● **PROBLEM DETAILS**
In duplicating the lines below, keep every word unchanged and drop the pictures.

● **DATASET CONTENT**
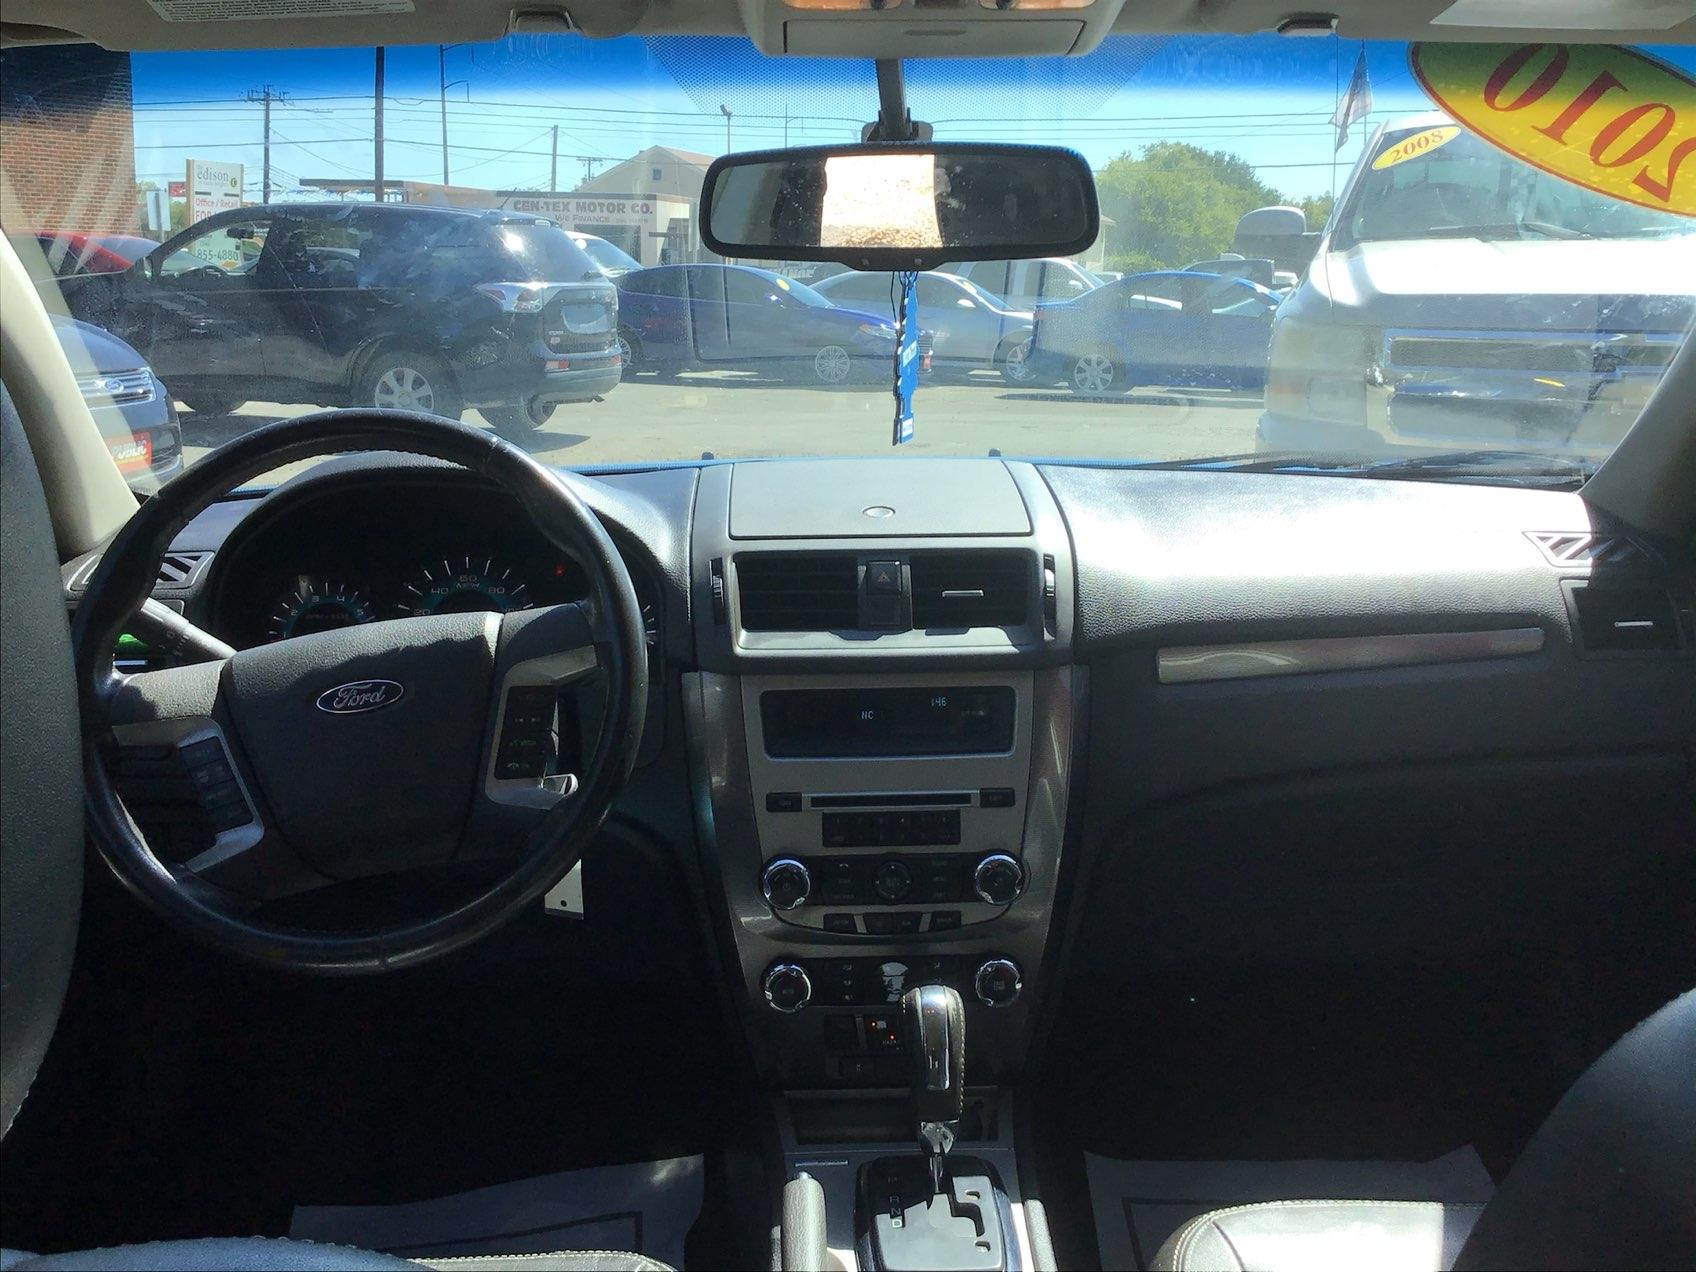 used vehicle - Sedan FORD FUSION 2010
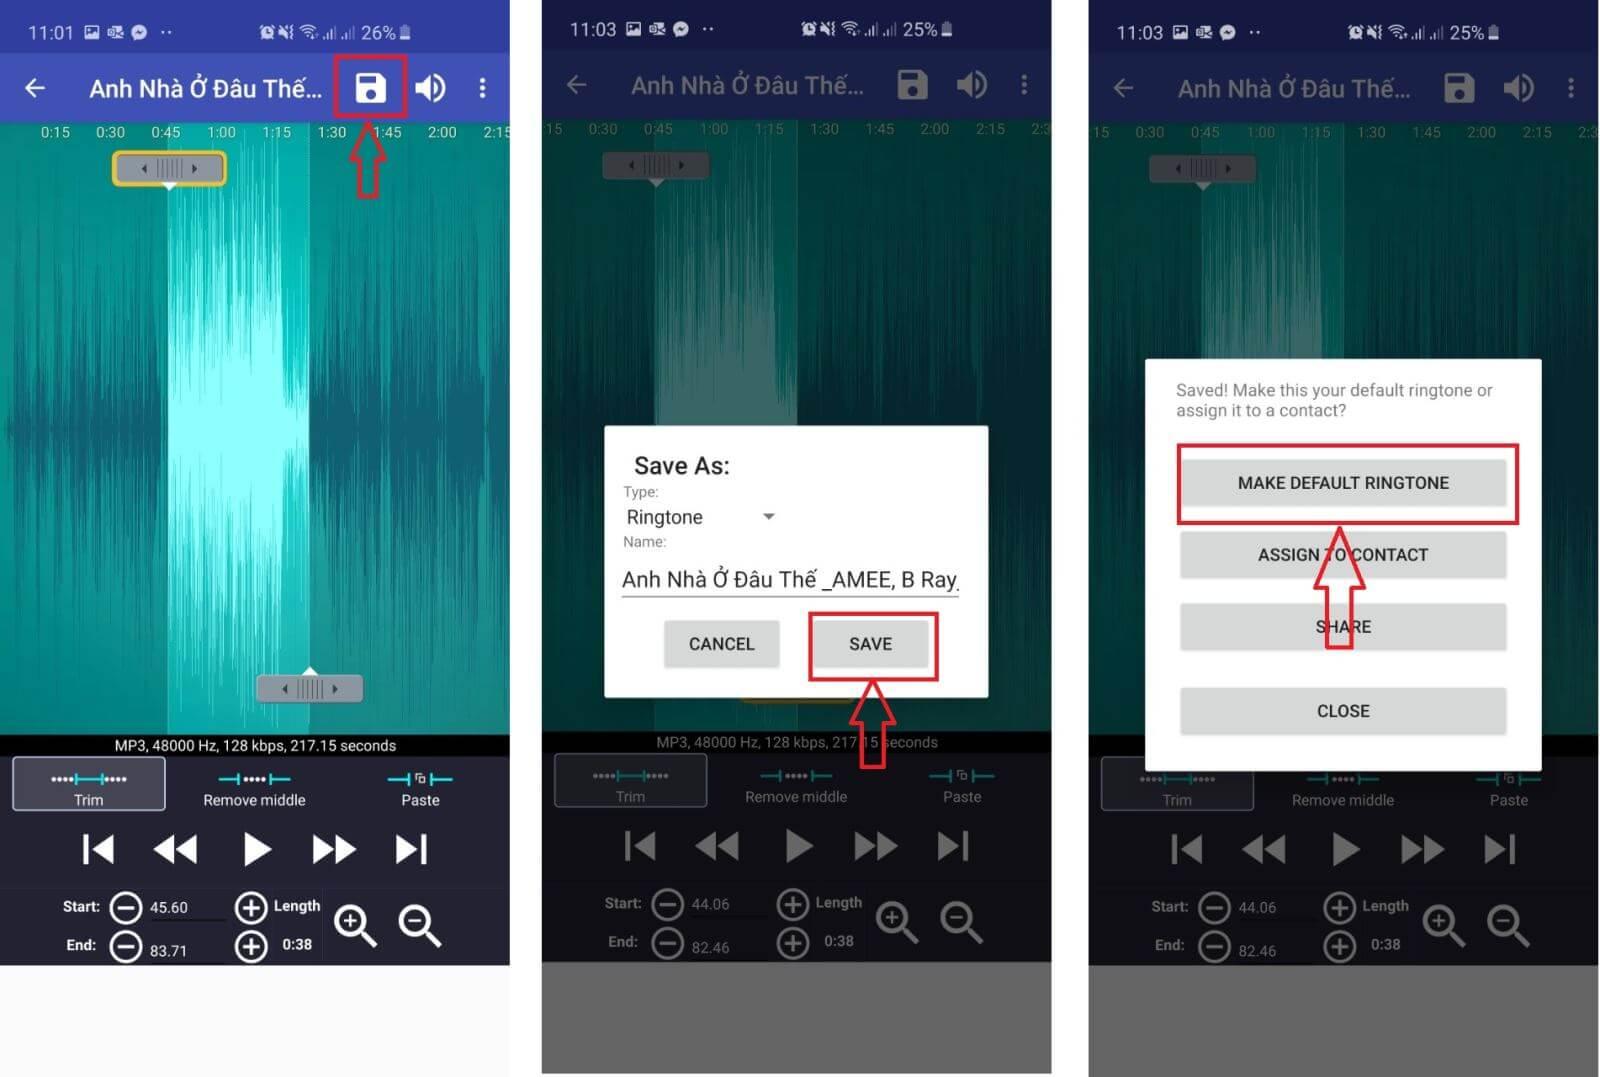 Cách cắt nhạc chuông cho điện thoại bằng ứng dụng Ringtone Maker
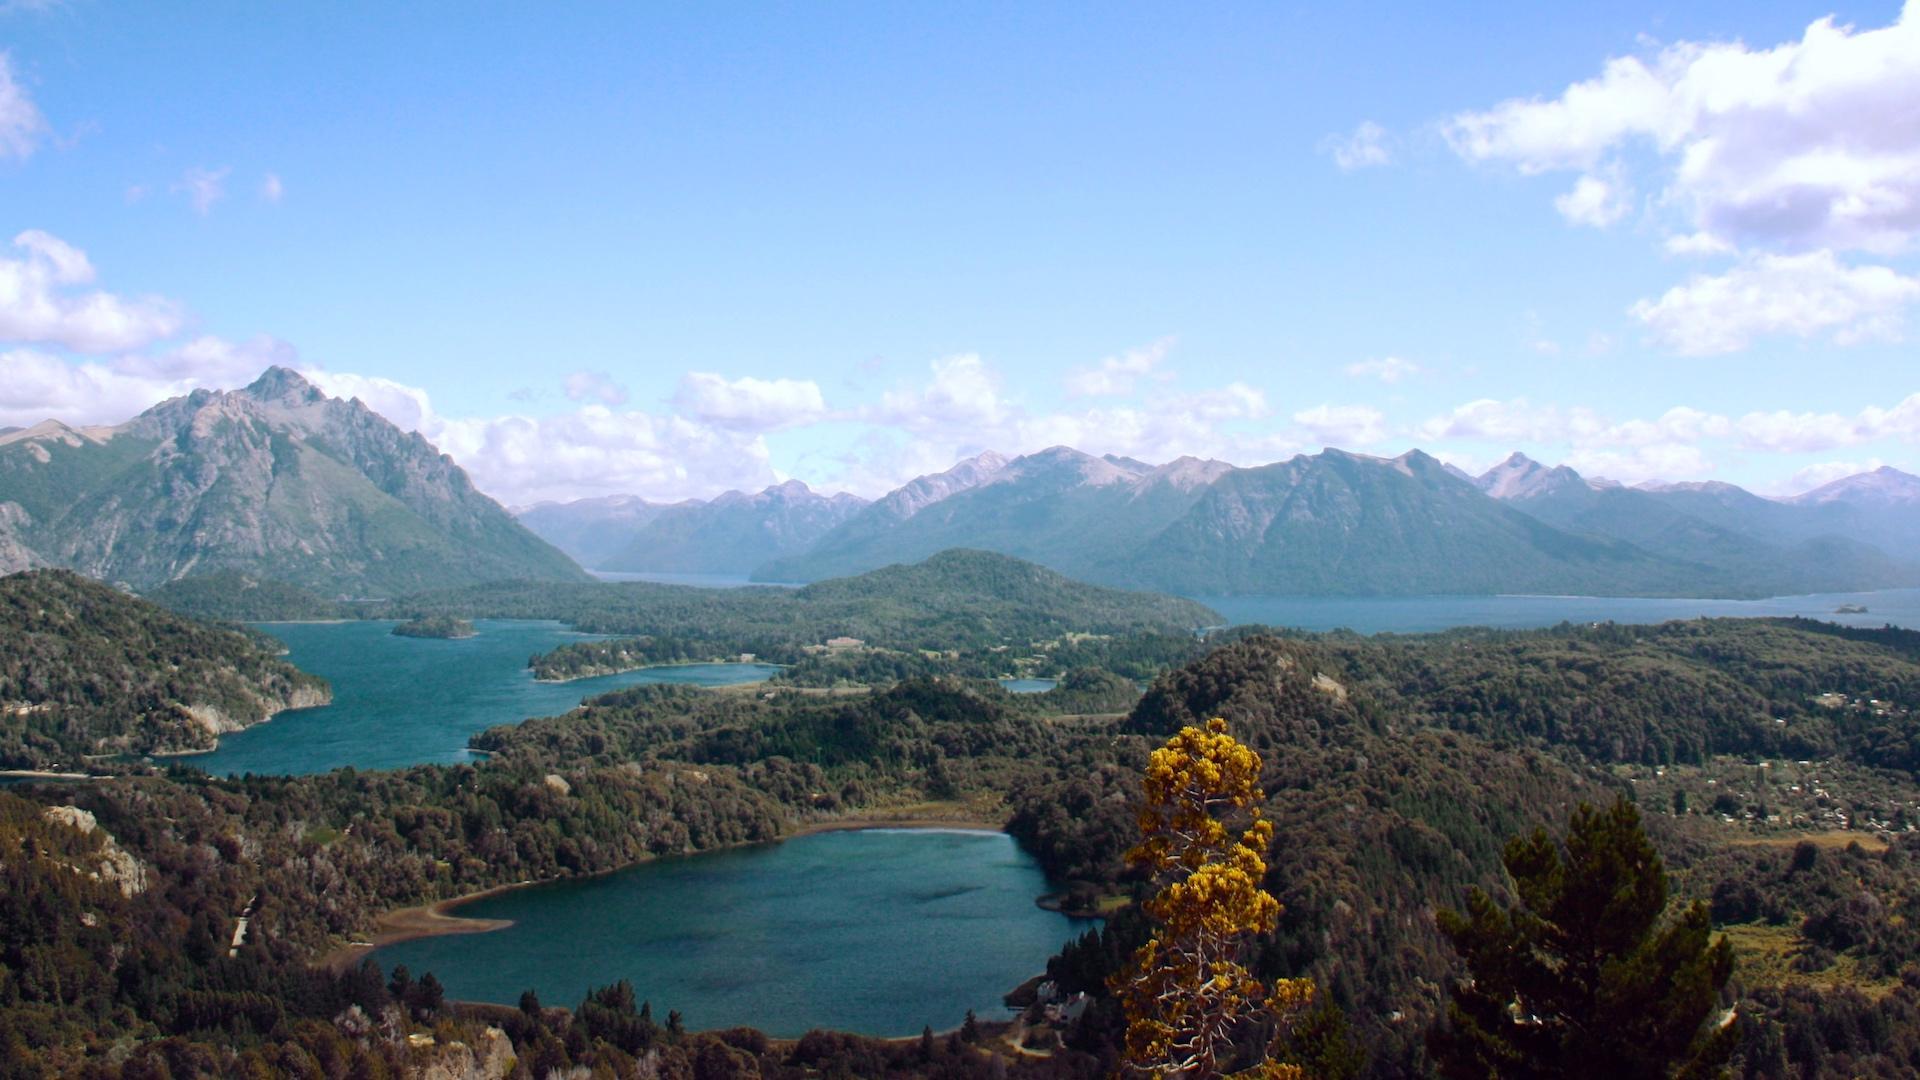 ¿Qué hacer en Bariloche?: tres opciones de turismo diferente

● **FINAL ANSWER**
 used vehicle - Sedan FORD FUSION 2010
 Cách cắt nhạc chuông cho điện thoại bằng ứng dụng Ringtone Maker
 ¿Qué hacer en Bariloche?: tres opciones de turismo diferente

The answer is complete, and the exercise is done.